Below is the code that I am using:

from __future__ import absolute_import
from __future__ import division
from __future__ import print_function

import tree
from pyvis.network import Network
from graph_nets import blocks
from graph_nets import graphs
from graph_nets import modules
from graph_nets import utils_np
from graph_nets import utils_tf

import matplotlib.pyplot as plt
import networkx as nx
import numpy as np
import sonnet as snt
import tensorflow as tf
import functools

# making GraphsTuple from karate club dataset
# get dataset from nx
karate_graph = nx.karate_club_graph()
karate_graph_tupel = karate_graph

# getting node informations
# labeling the nodes
nodes = []
for i in range(1,34):
    if i == 1:
        nodes.append(0)
    if i == 33:
        nodes.append(1)
    else:
        nodes.append(-1)
nodes = np.reshape(nodes, (len(nodes), 1))
nodes_float = tf.cast(nodes, dtype=tf.float64)
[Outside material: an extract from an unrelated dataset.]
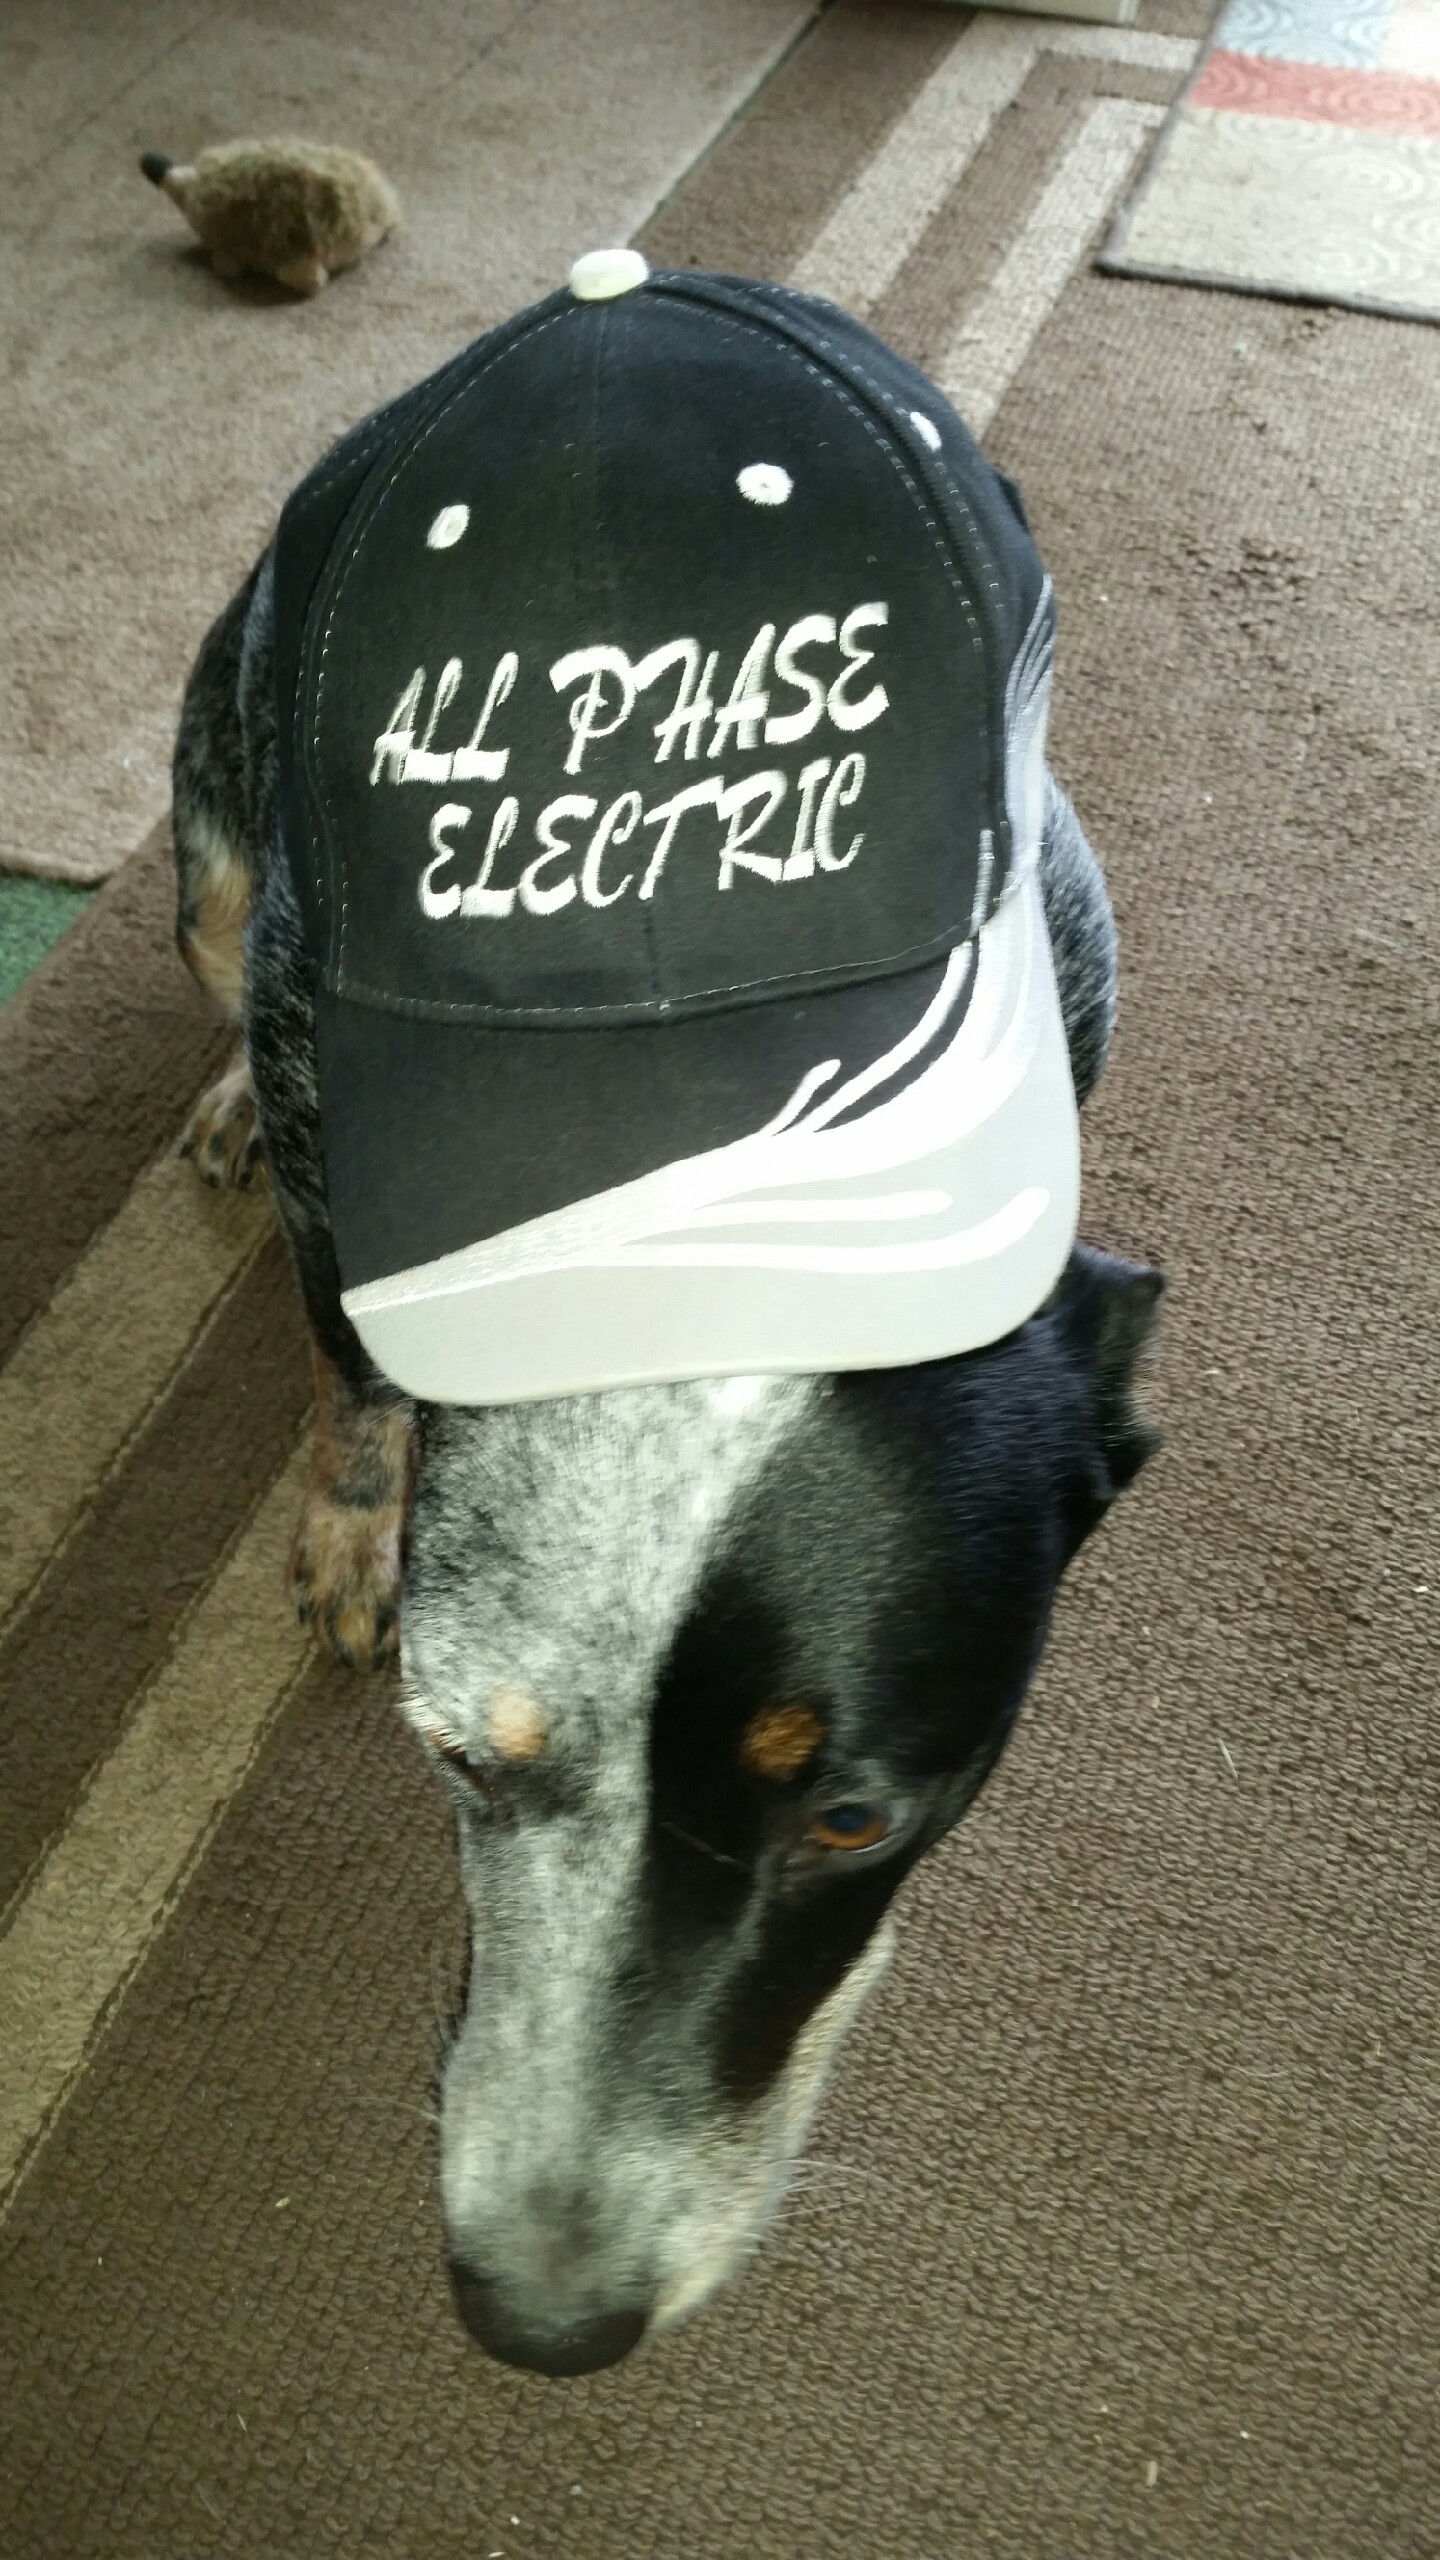 All Phase Electric, LLC - Man's Best Friend

# getting edge informations
# make graph undirected
directed_edges = karate_graph.edges
undirected_edges = [(u, v) for u, v in directed_edges] + [(v, u) for u, v in directed_edges]

karate_graph.edges = undirected_edges

edges = [[0.0] for _ in range(karate_graph.number_of_edges()*2)]

# getting sender and receiver informations
sender = []
receiver = []
for tupel in karate_graph.edges:
     sender.append(tupel[0])
     receiver.append(tupel[1])


# create GraphTuple from received informations
data_dict = {
    "nodes": nodes_float,
    "edges": edges,
    "senders": sender,
    "receivers": receiver
}

graphs_tuple = utils_np.data_dicts_to_graphs_tuple([data_dict])
graphs_tuple = tree.map_structure(lambda x: tf.constant(x) if x is not None else None, graphs_tuple)




# defining graph network
graph_network = modules.InteractionNetwork(
    node_model_fn=lambda: snt.Sequential([snt.Linear(output_size=1), tf.nn.sigmoid]),
    edge_model_fn=lambda: snt.Sequential([snt.Linear(output_size=1)])
)

# optimizer and loss function
optimizer = tf.keras.optimizers.Adam(learning_rate=0.01)
loss_fn = tf.keras.losses.BinaryCrossentropy(from_logits=True)

# learning loop
for epoch in range(50):
    with tf.GradientTape() as tape:

        output_graph = graph_network(graphs_tuple)

        # Loss for labeled nodes
        labeled_nodes = [0, 33]
        labeled_indices = [i for i in labeled_nodes if graphs_tuple.nodes[i] != -1]
        loss = loss_fn(tf.gather(graphs_tuple.nodes, labeled_indices), tf.gather(output_graph.nodes, labeled_indices))

    # calculate gradient
    gradients = tape.gradient(loss, graph_network.trainable_variables)

    # apply gradient
    optimizer.apply_gradients(zip(gradients, graph_network.trainable_variables))

    # Loss output
    print("Epoch %d | Loss: %.4f" % (epoch, loss.numpy()))

print(output_graph.nodes)
print(output_graph.edges)

This is the output that I get:

Loss-funtion:

> Epoch 0 | Loss: 0.6619
Epoch 1 | Loss: 0.6547
Epoch 2 | Loss: 0.6478
Epoch 3 | Loss: 0.6412
Epoch 4 | Loss: 0.6351
Epoch 5 | Loss: 0.6292
Epoch 6 | Loss: 0.6233
Epoch 7 | Loss: 0.6172
Epoch 8 | Loss: 0.6110
Epoch 9 | Loss: 0.6048
Epoch 10 | Loss: 0.5988
Epoch 11 | Loss: 0.5931
Epoch 12 | Loss: 0.5877
Epoch 13 | Loss: 0.5826
Epoch 14 | Loss: 0.5777
Epoch 15 | Loss: 0.5728
Epoch 16 | Loss: 0.5680
Epoch 17 | Loss: 0.5633
Epoch 18 | Loss: 0.5589
Epoch 19 | Loss: 0.5549<

Nodes:

> [[0.09280719]
 [0.04476126]
 [0.03025987]
 [0.13695013]
 [0.34953291]
 [0.26353402]
 [0.26353402]
 [0.26353402]
 [0.22878334]
 [0.47378198]
 [0.34953291]
 [0.54787342]
 [0.44657832]
 [0.22878334]
 [0.47378198]
 [0.47378198]
 [0.41969087]
 [0.44657832]
 [0.47378198]
 [0.40082739]
 [0.47378198]
 [0.44657832]
 [0.47378198]
 [0.21003225]
 [0.32505647]
 [0.32505647]
 [0.47378198]
 [0.28533633]
 [0.37482885]
 [0.28533633]
 [0.28533633]
 [0.16495933]
 [0.01520448]
 [0.83080503]], shape=(34, 1), dtype=float64)<

I did not mention the edges, because I dont think that they are relevant for this issue and it would be too much information.